That was what made things worse. And his shock gave way to anger, the foolishness of him to do what he did! Cid moved to Cleon and grabbed him, growling, “What the hell have you done?! What the hell were you thinking?!”

Cleon’s words wouldn’t come. He felt suffocated with Elcid holding him like that, wide-eyed with terror than with hatred and malice. And when he kept looking over to Zariel, blood pooling around her, thinking what he had done her, he felt his heart pound harder. He had never wanted to run as fast and far away as he had now. Bravery and initiative had gushed away as easily as the blood did from his legs. ‘What have I done?’

“He was thinking of his home,” Gamesh told Elcid, who turned an incredulous gaze back to him, “of all the homes subjugated under the Empire’s conquest. It’s a victory against them.”

Cid let go of Cleon, who backed up to the wall, feeling himself . “We’ve all just been made accomplices in a murder. Princes and rebels and kids, and you think that’s a victory?!”

“To end almost a century of tyranny?” Gilgamesh answered back, already holding an answer for him. “I would say it is on Our Grace’s part. He did what no one else was courageous enough to do. This will inspire people. It shows Imperialism isn’t eternal.” He was proud, though, proud for all the wrong reasons. It was as he remembered Asura herself told him long, long ago; mortals are so terribly fickle. Ironic that her own host was so easily manipulated as to carry out what they intended to do themselves.

“Yeah, sure,” Sesario started, rising from Zariel’s body. “Looks real good for him in a peaceful negotiation. You think I would have brought her here if I knew something like this was going to happen?” He’d seen negotiations go wrong, but this took the top spot. He had been thinking of ways they could weasel their way out of this – how best he could get himself and Hector out of this mess. Anything but turn themselves over. They weren’t beholden to the rest of them. Only, they were, and Rosari too.

And yet, selfishly, he cared more for himself and Hector here.

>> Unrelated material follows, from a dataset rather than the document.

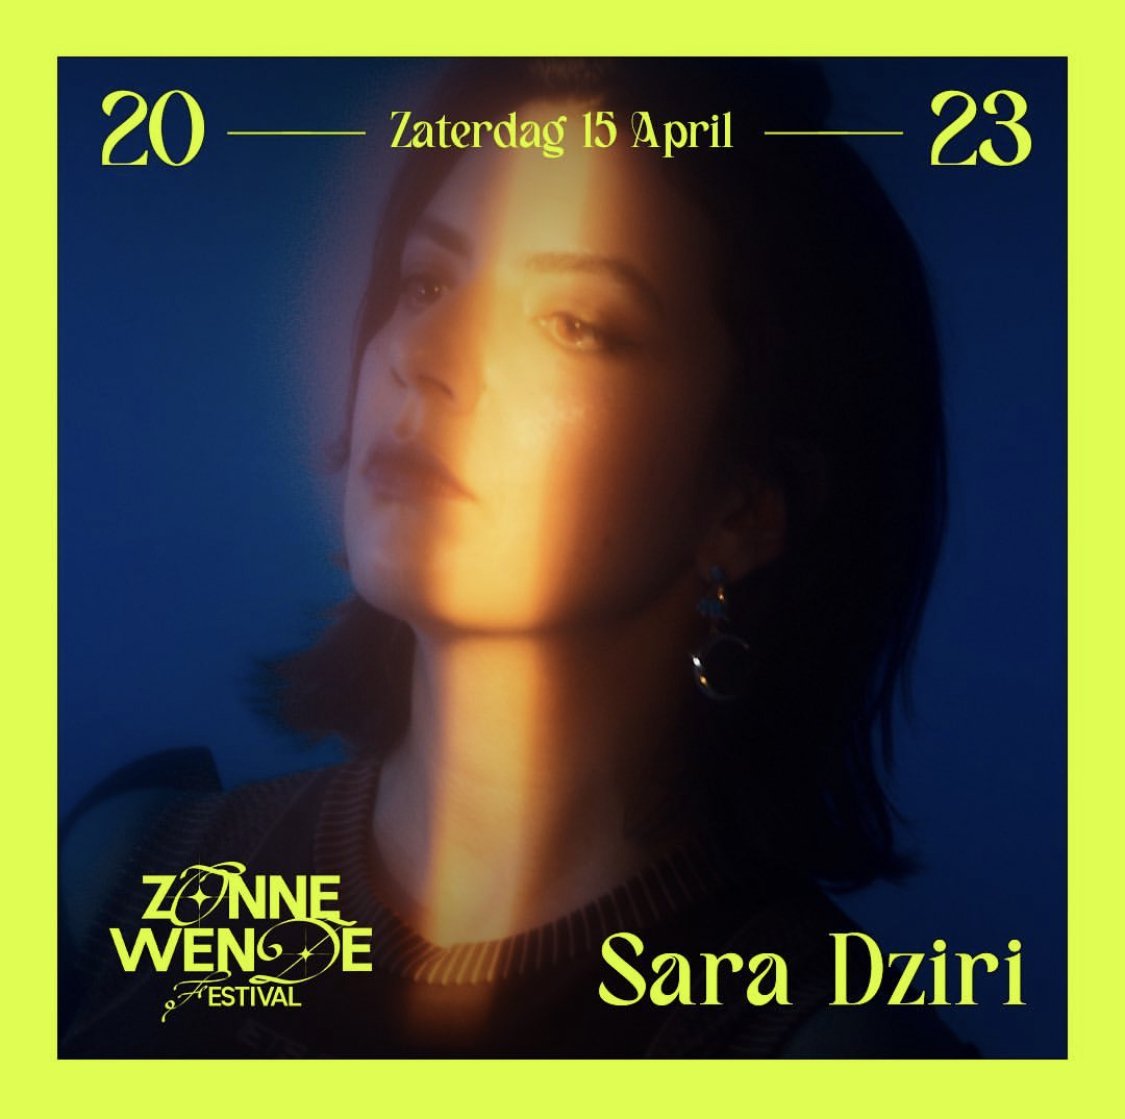 Promo  van Sara Dziri en Zonnewende Festival 2023, in opdracht van Zonnewende

The Bandoethel’s actions seemed to have more implications than they did any positives. They’d be blacklisted. Their value just increased, and all for the wrong reasons. “We can’t stay here with the Empress’s body on this bloody ship.” Where the hell would they leave it? Rozari? Amarum? In the middle of nowhere and hope that people thought Zariel just disappeared? No option seemed like a good option.
 
Hearing Sesario start to curse like that worried Hector as he got to his feet with Kikiti. They both approached the door as people entered, and the sight was not good. Hector felt his thoughts cease in utter horror, because he was as aware of the implications as Sesario was. They had created this ground. They had hosted the negotiations. ‘Yeaaaah, this ain’t good.’ How did they get out of this?

Kikiti screamed, and he turned with her, before glancing down at Yarrow. He put a hand on her back, tried to soothe her a bit by rubbing her back, “Don’t worry, we’ll figure something out.” It was just Cleon who did this. Well, maybe Reva, though by the looks of it – Hector didn’t think so.

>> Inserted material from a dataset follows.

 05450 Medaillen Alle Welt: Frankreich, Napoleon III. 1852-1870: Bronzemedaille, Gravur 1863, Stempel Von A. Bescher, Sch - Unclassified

Then the reactions began in earnest, Elcid storming into the room and grabbing Cleon. Gamesh seemed to be in favor of this, and before Hector could tell him this wasn’t over, Didymus did, “Yeah, ‘cause Leander dying totally put an end to this, didn’t it? No, no, you know what’s next? Emperor fucking Oleander Arkidos.” Nowhere near as competent, but not in a way that meant the Empire would be overturned.

In a way that meant his wars would be bloodier.

Especially now.

Zariel had a touch of mercy. Oleander wasn’t likely to, even if Jagger could vouch for him as a drinking partner. “Listen, it was nice – I gotta get to my sister.” He didn’t forget his lie even in the moment, and walked out of the room to leave. He didn’t know what was going on, but he knew, right then, he didn’t want to be a part of it. He should get out now, and…what?

‘Jagger can help cover my ass. Somehow.’

He was never here. Totally, not here.

Reva didn’t have time to deal with Didymus walking out.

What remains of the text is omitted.